Product teams have never had that.
You build something. You launch it. It underperforms. You learn. You rebuild. The cost of that cycle — in time, money, and morale — can be catastrophic for an early-stage company
“What if product teams could test their ideas in a simulation of the real world before they bet the company on it?”
Not a focus group. Not a survey. Not a chatbot pretending to be a customer. A living, social, simulated world — with thousands of AI personas who have memory, relationships, opinions, and a pulse.
That's what we've been building at TestSynthia. Here's the full story.
Stateless vs Stateful: The Insight That Started Everything
When we started building, we obsessed over one question: what makes a human respondent's opinion valuable?
The answer wasn't intelligence. It wasn't demographic accuracy. It was history.
A human participant in a research study has lived a life. They've bought things, been disappointed by things, recommended things to friends, been talked out of purchases, changed their mind about brands over years. Their opinion about your product isn't formed when you ask the question — it was formed by decades of accumulated experience that you're now accessing.
Traditional AI personas, even very sophisticated ones, don't have that. They're what we call stateless.
What Stateless Means
A stateless persona is summoned when needed, responds based on a generic profile, and disappears. It's like hiring someone for a one-hour shift, getting their opinion, and then they die. No memory. No history. No continuity.
What Stateful Means
A stateful persona is persistent. They exist between sessions. They have a history of interactions, a memory of products they've evaluated, opinions that have been shaped and reshaped by conversations and experience. They go to sleep at the end of the day. They come back next week with slightly older, slightly more refined views.
The Conversation Layer
Think about how a real research panel actually works. You bring a group of people into a room. They fill out their responses individually. And then — almost inevitably — they start talking to each other.
That post-survey conversation is where a lot of the most honest signal lives. But traditional research throws it away.
In TestSynthia, they don't disappear.
Once a survey round is completed, the personas don't just file their responses and go silent. They start talking — but not randomly. Conversation clusters form naturally based on shared context.
A 34-year-old product manager gravitates toward other product managers. A CFO finds their way to other CFOs. A first-time parent connects with others in the same life stage. Two personas in the same income bracket and political leaning find common ground.
Just like in real life — when you meet someone new, the first thing you establish is where they're from, what they do, what world they live in. Shared identity is the on-ramp to honest conversation.

World Events: The Simulation Doesn't Pause
In our simulation, the world keeps moving.
We built a mechanism called world events — injections of real-world context into the simulation.
When something significant happens, we can introduce it as a world event: a virus outbreak, layoff news, a major drug gets FDA approval, a recession signal appears in the data.
Opinions shift in ways that weren't scripted or anticipated — because that's what happens in the real world. The personas don't know they're in a simulation. They're just living their lives and responding to what's happening around them.
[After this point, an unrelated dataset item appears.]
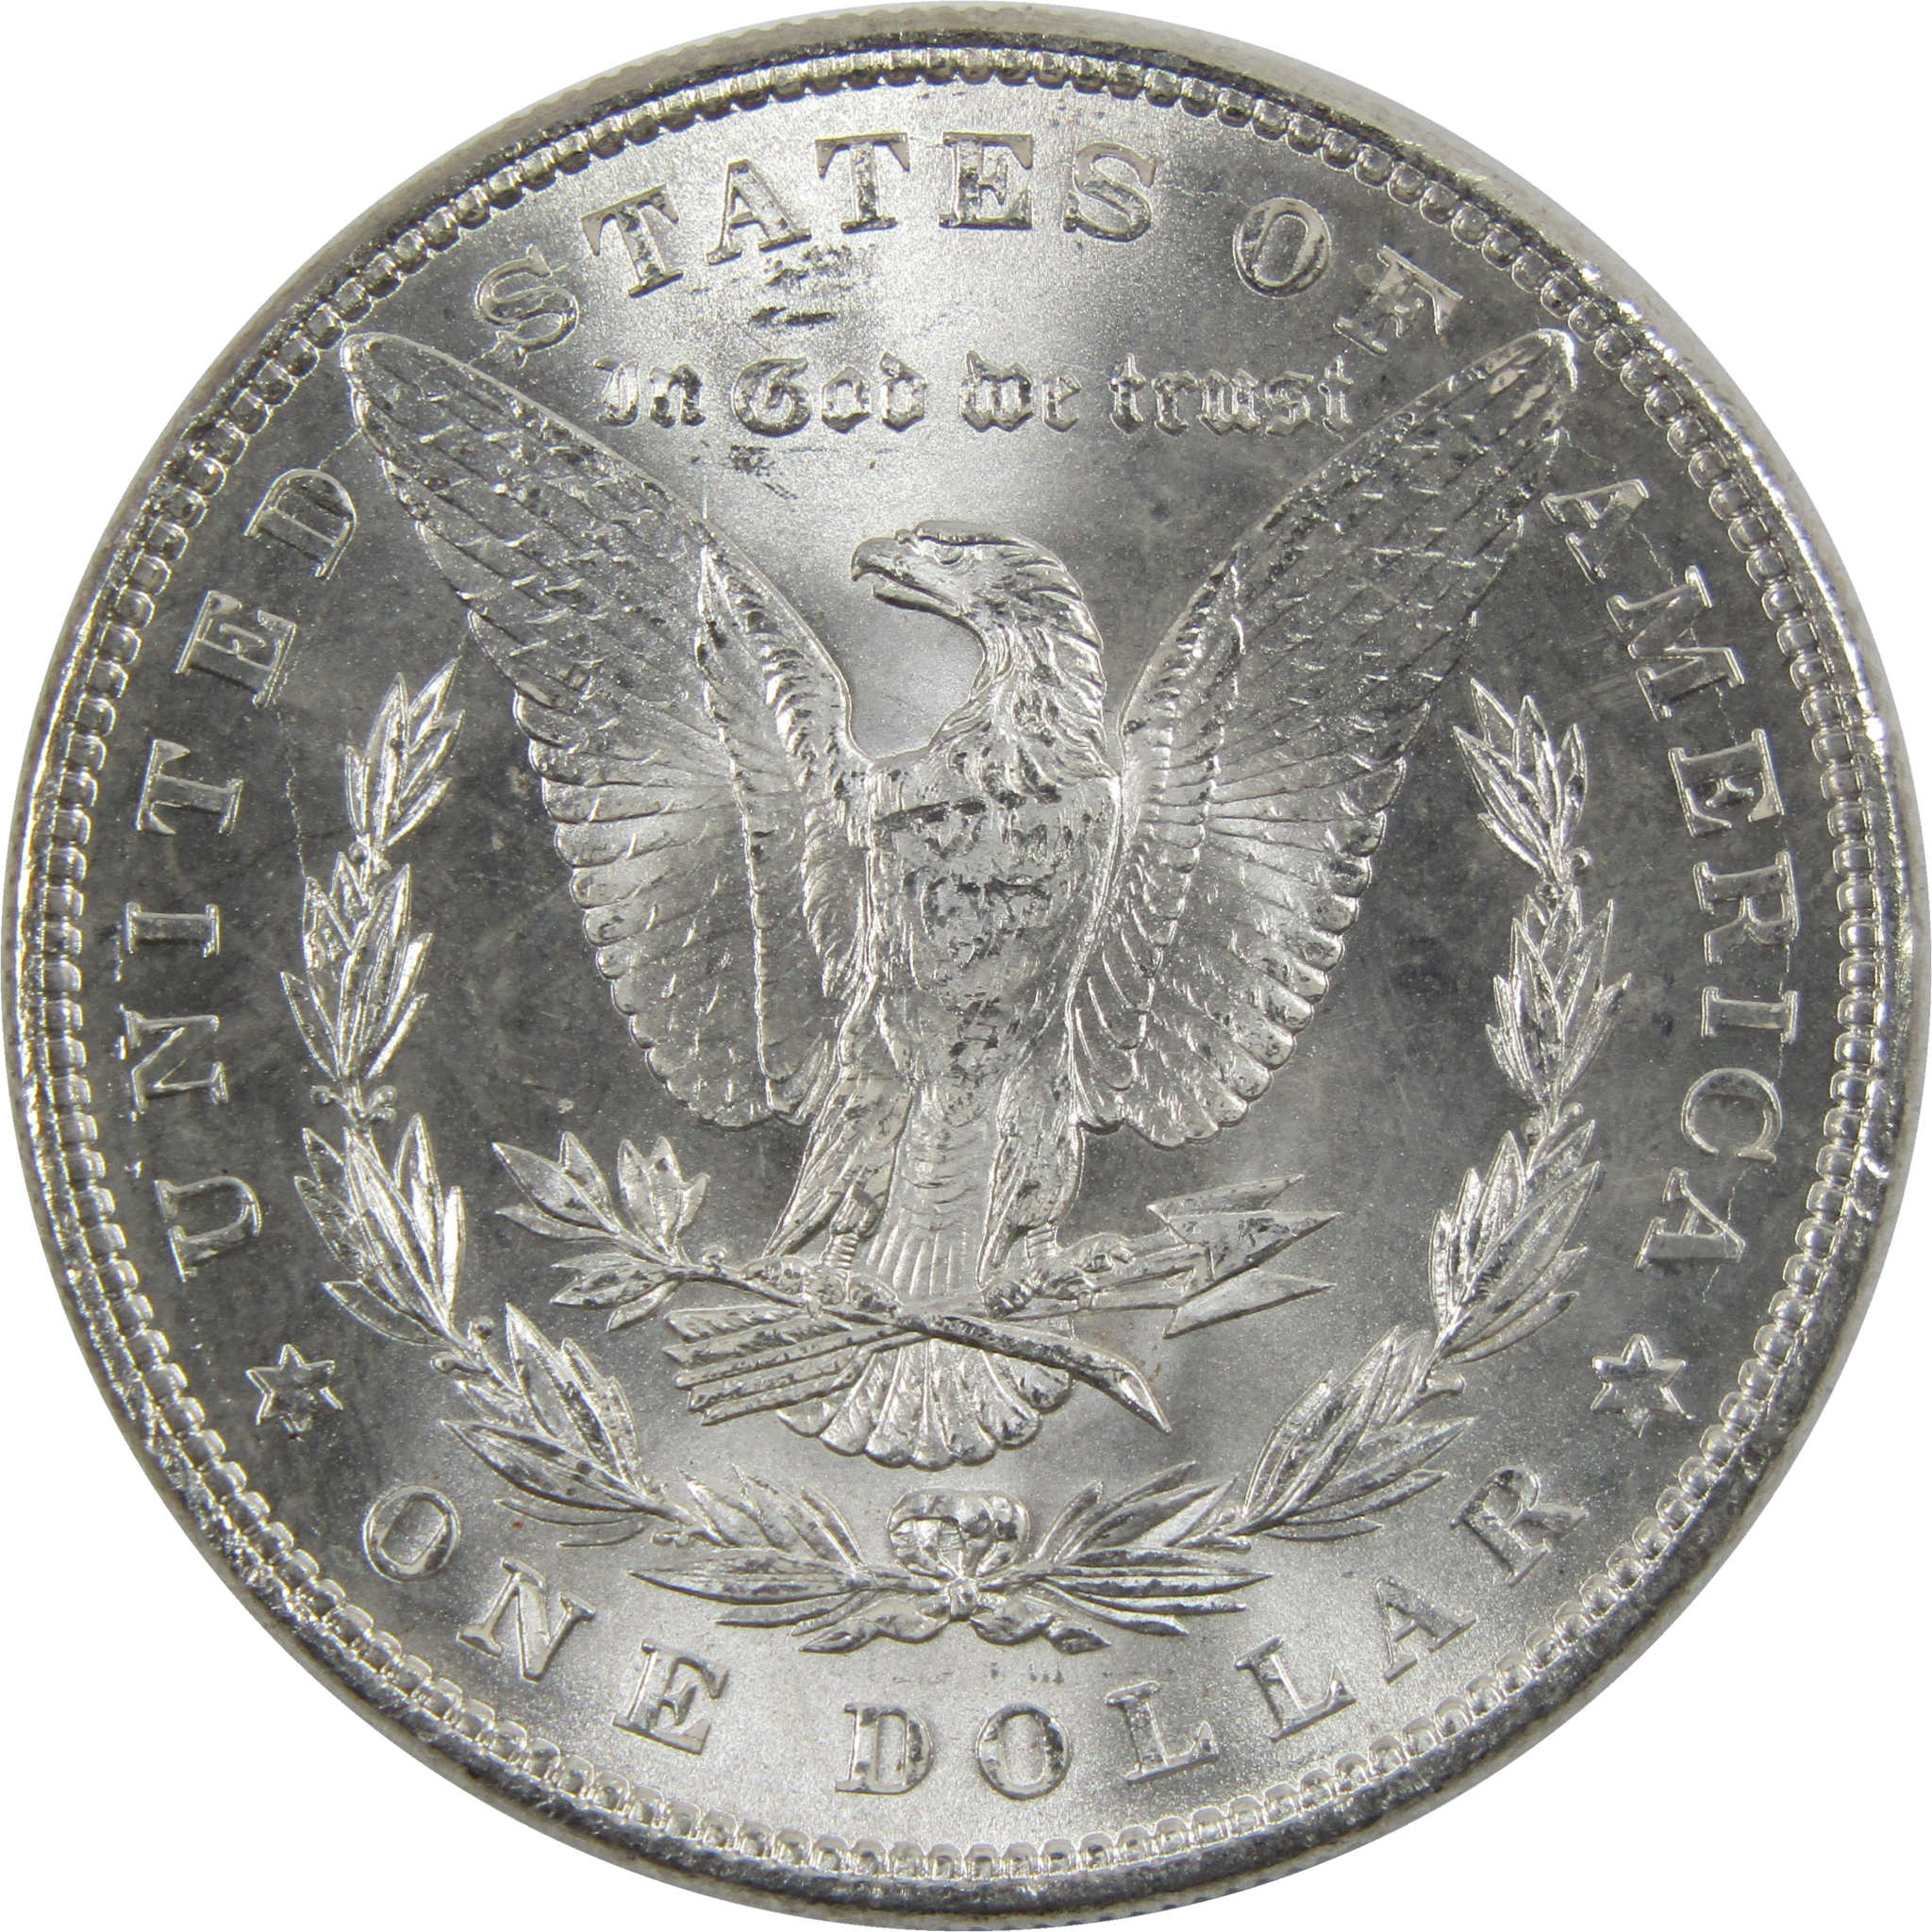 1884 Morgan Dollar BU Uncirculated 90% Silver $1 Coin SKU:I6011 - Morgan coin - Morgan silver dollar - Morgan silver dollar for sale - Profile Coins &amp; Collectibles

A live simulation, can be seen in here.

Memory, Reflection, and Evolution
A persona's first response to your product is the least interesting one they'll ever give.
Not because it's wrong — but because it's thin. It hasn't been shaped by experience yet. It's a snapshot of someone who just arrived.
The more interesting question is: who does this persona become over time?
Every persona carries four streams of memory that load every time they're called into a simulation:
Product memories — drawn from every research panel they've participated in. Not the raw responses — compressed, importance-scored summaries of what they experienced. Only memories scored 6 or higher on a 10-point importance scale are passed in the next step. The forgettable stuff fades. The things that actually moved them stay. A persona who was genuinely shocked by a pricing question carries that. One who found a feature irrelevant doesn't burden their future self with it.
Social memories — the residue of their conversations. Not just what was said, but who said it. The system tracks which persona they talked to by name, what was exchanged, and how important that exchange was. When Sarah from accounting told them she switched away from a competitor last month, that memory travels with them into your study.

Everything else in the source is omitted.